In the raw material area, crude oil prices continued to march higher. Futures for West Texas Intermediate oil rose 1.2%, topping $ 83 a barrel.
Cryptocurrencies were generally lower.
– the leading crypto-commodity – fell more than 3% in the last 24 hours to below $ 42,500, according to data from CoinDesk. Less peers
fell 3% simultaneously to around $ 3250.
– a “joke” token that has received high-profile attention from
Tesla CEO Elon Musk and others – increased by 14%; Tesla will start accepting crypto for item payments.
Here are seven stocks on the move Friday:
SAP (SAP) was up 1.7% after the German software group reported that revenues from the cloud computing business rose by 28% in the last quarter.
Modern (MRNA) and
Pfizer (PFE) fell 1.8%, 3.3% and 1.1%, respectively, after the Supreme Court blocked the Biden administration’s vaccine mandate for companies with 100 workers or more.

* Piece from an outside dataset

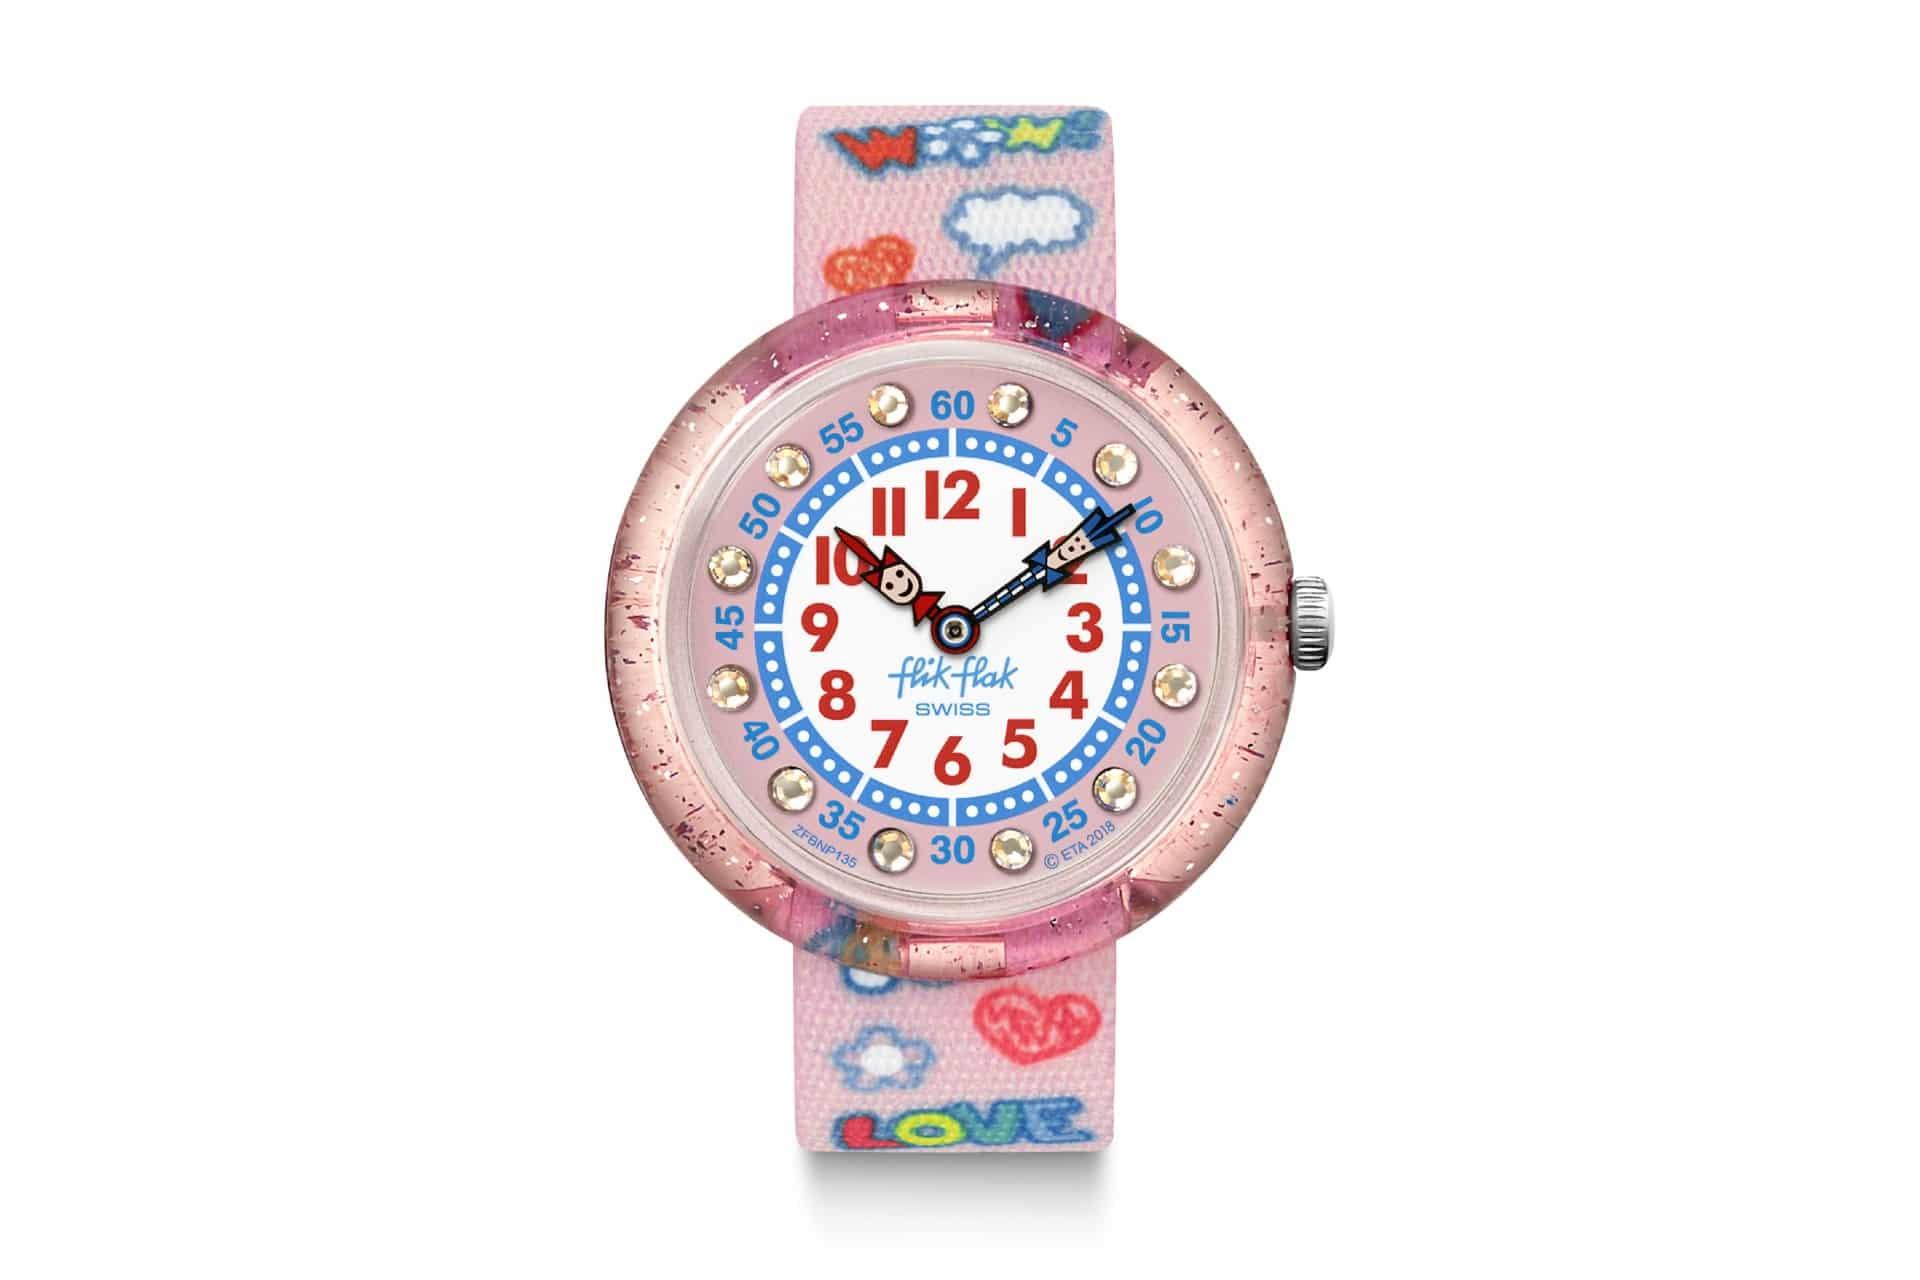 pink kids watch with pop art graphics
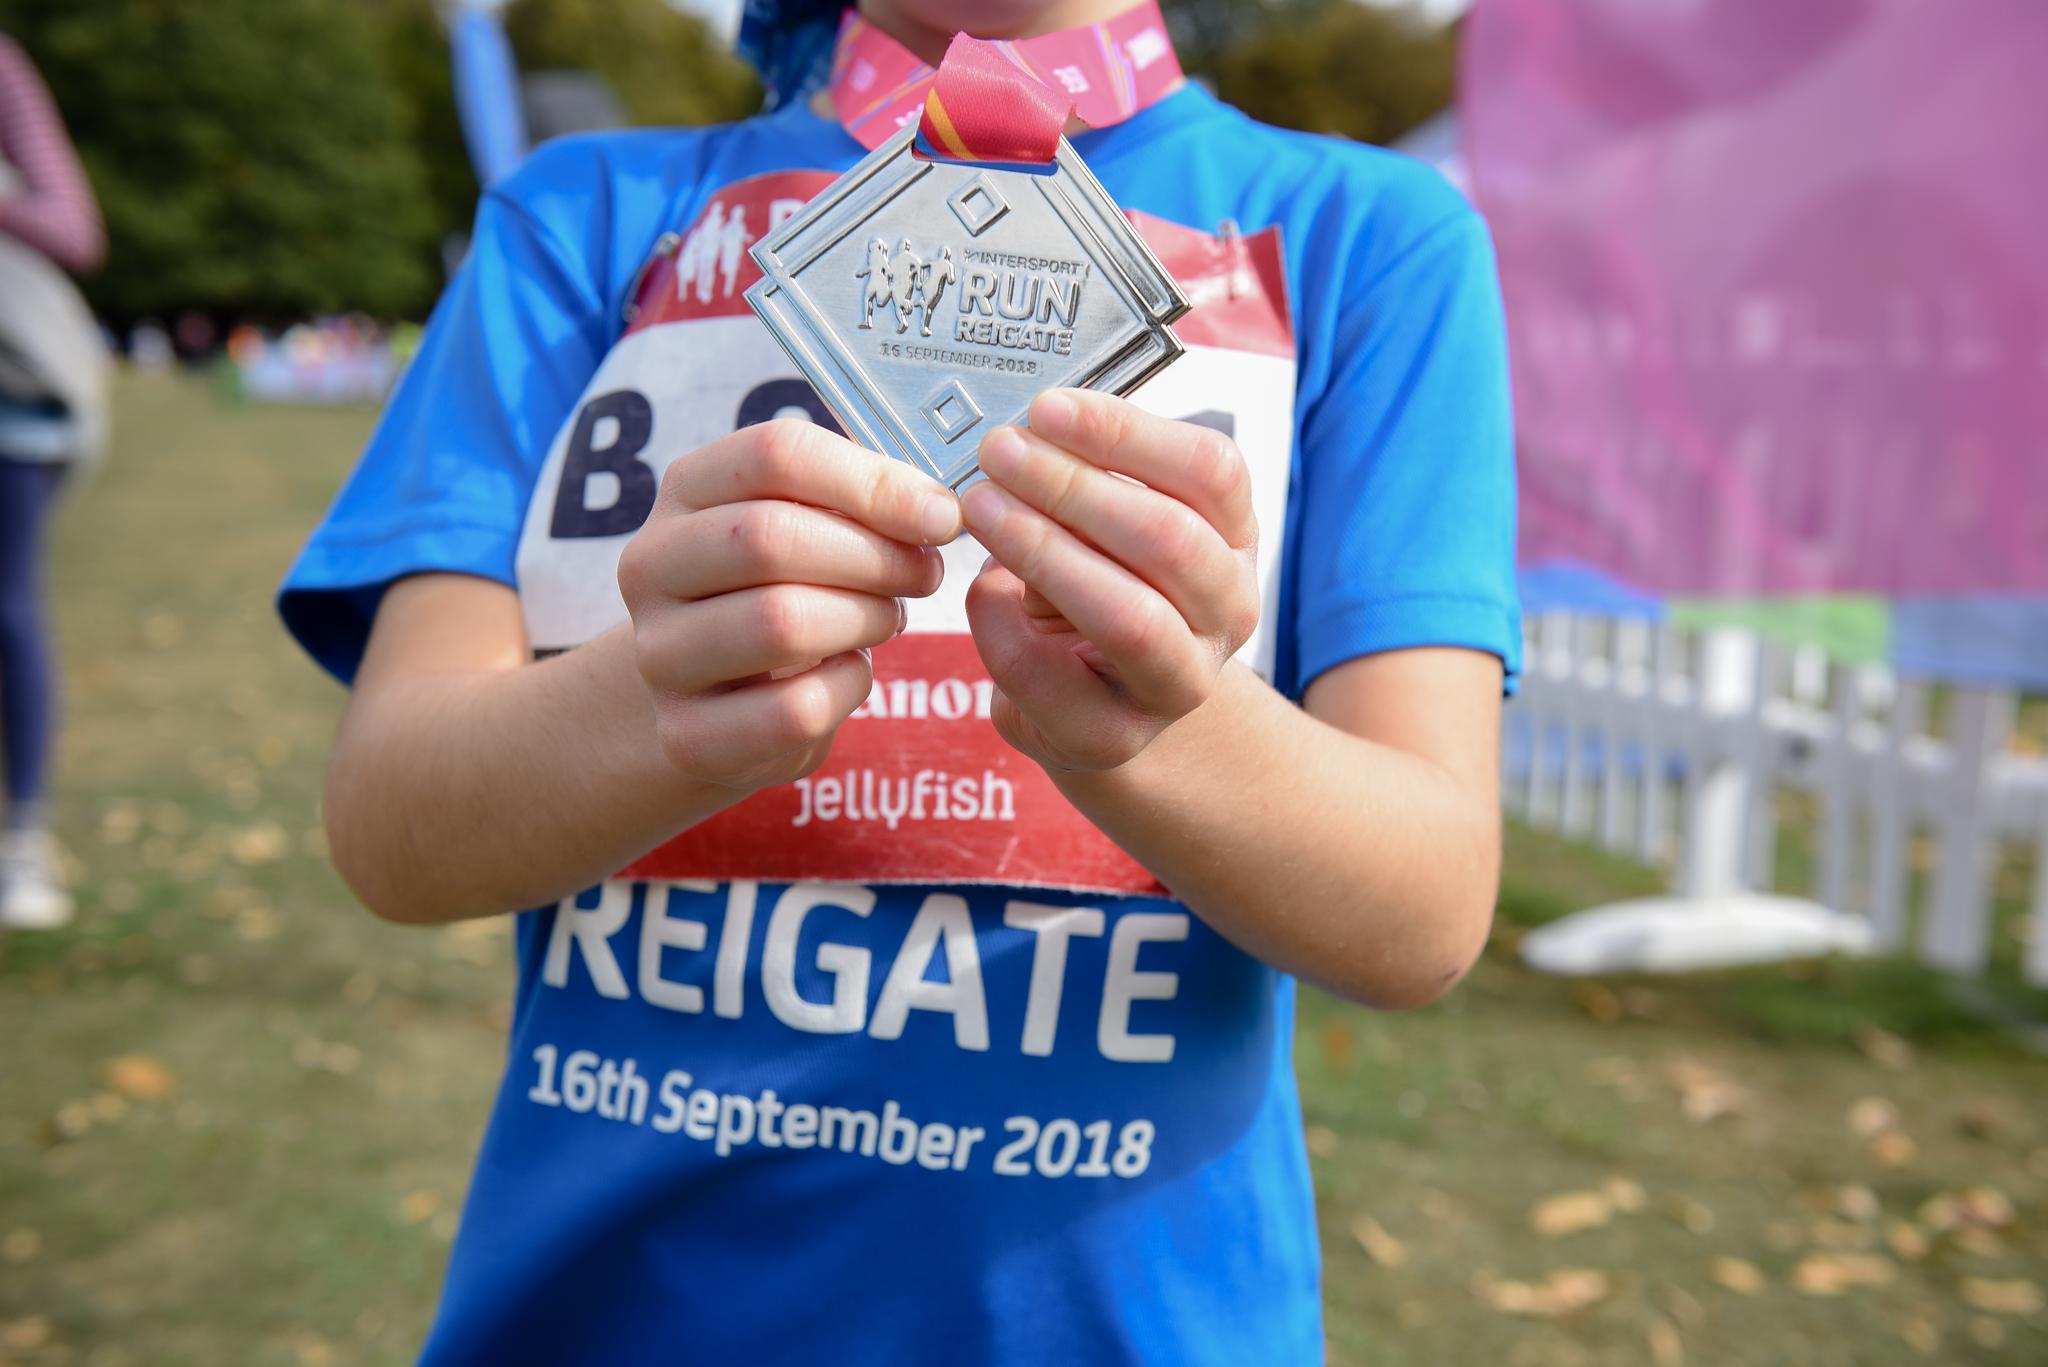 Run Reigate \u002D Canon Kids Race - cover image

Boston Beer Co. (SAM) shares fell 9.5% after the company cut its earnings outlook.
Las Vegas Sands (LVS) jumped 13%; Shares in the casino giant have risen this week as some analysts see a brighter future for the stock in 2022 after a significant underperformance last year. Likemann
Wynn Resorts (WYNN), which faced similar pressure in 2021 – including regulatory concerns from China – rose 6.7%.